Especially she was Leslie Goldthwaite's delight. Leslie had no sisters, and her aunts were old,-far older than her mother; on her father's side, a broken and scattered family had left few ties for her; next to her mother, and even closer, in some young sympathies, she clung to Cousin Delight.

With this diversion, we will go back now to her, and to her thought.

"I was thinking," she said, with that intent look in her eyes, "I often think, of how something else was found, once, having nothing but leaves; and of what came to it."

"I know," answered Leslie, with an evasive quickness, and turned round with her watering-pot to her plants again.

There was sometimes a bit of waywardness about Leslie Goldthwaite; there was a fitfulness of frankness and reserve. She was eager for truth; yet now and then she would thrust it aside.
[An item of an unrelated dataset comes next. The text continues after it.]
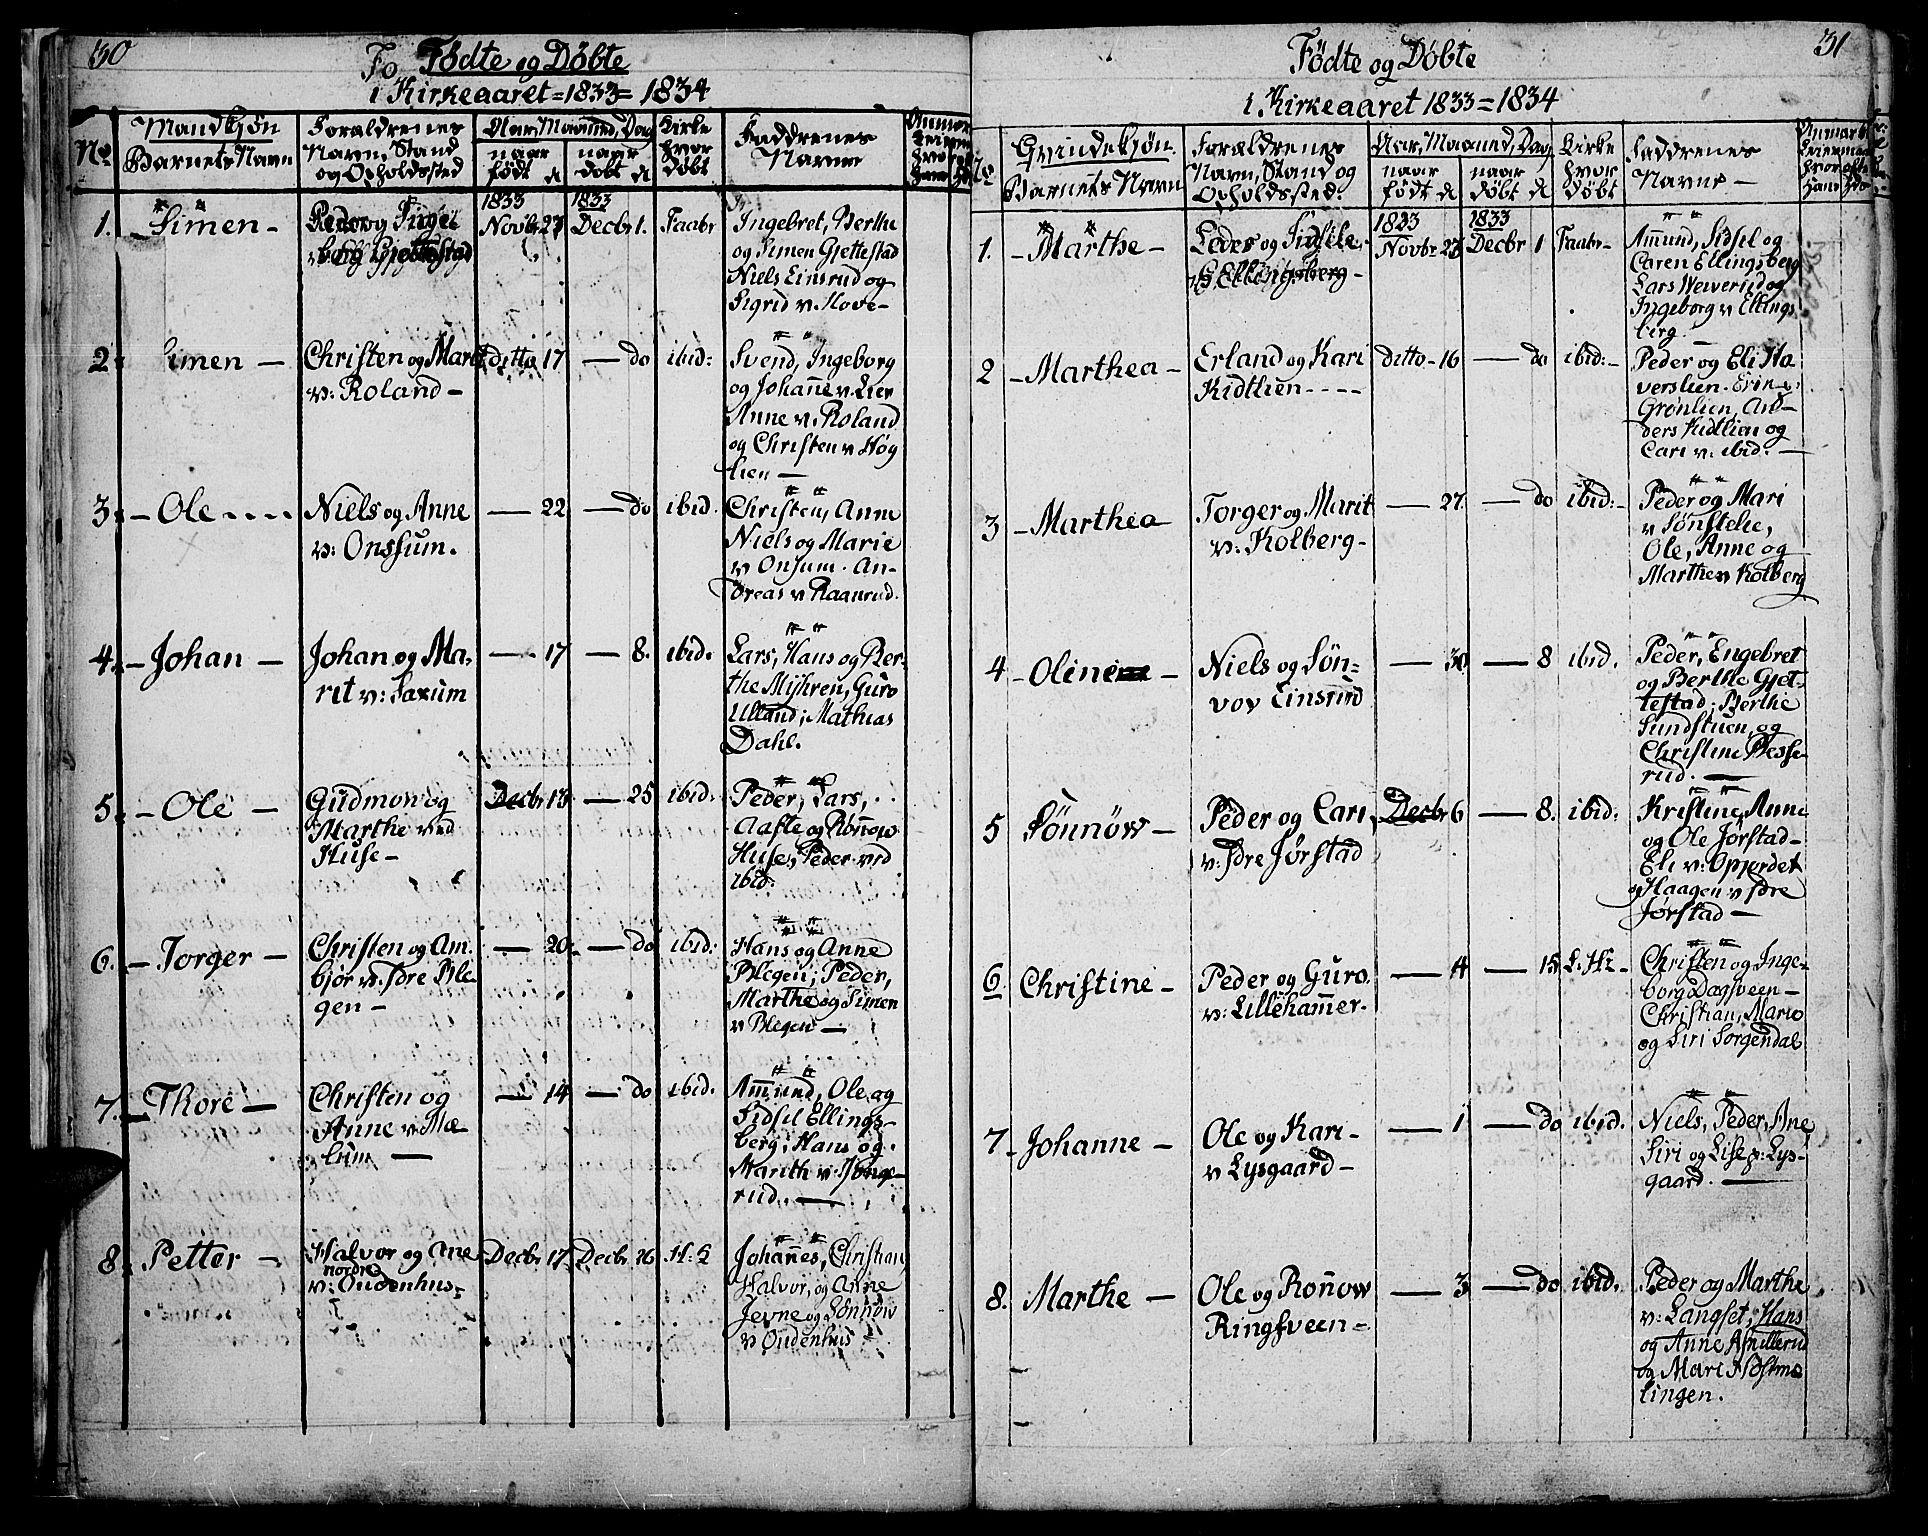 SAH, Fåberg prestekontor, Ministerialbok nr. 4, 1833-1837, s. 30-31

She said that "nobody liked a nicely pointed moral better than she did; only she would just as lief it shouldn't be pointed at her." The fact was, she was in that sensitive state in which many a young girl finds herself, when she begins to ask and to weigh with herself the great questions of life, and shrinks shyly from the open mention of the very thing she longs more fully to apprehend.

Cousin Delight took no notice; it is perhaps likely that she understood sufficiently well for that. She turned toward the table by which she sat, and pulled toward her a heavy Atlas that lay open at the map of Connecticut. Beside it was Lippincott's Gazetteer,-open, also.

"Traveling, Leslie?"

"Yes. I've been a charming journey this morning, before you came. I wonder if I ever shall travel, in reality. I've done a monstrous deal of it with maps and gazetteers."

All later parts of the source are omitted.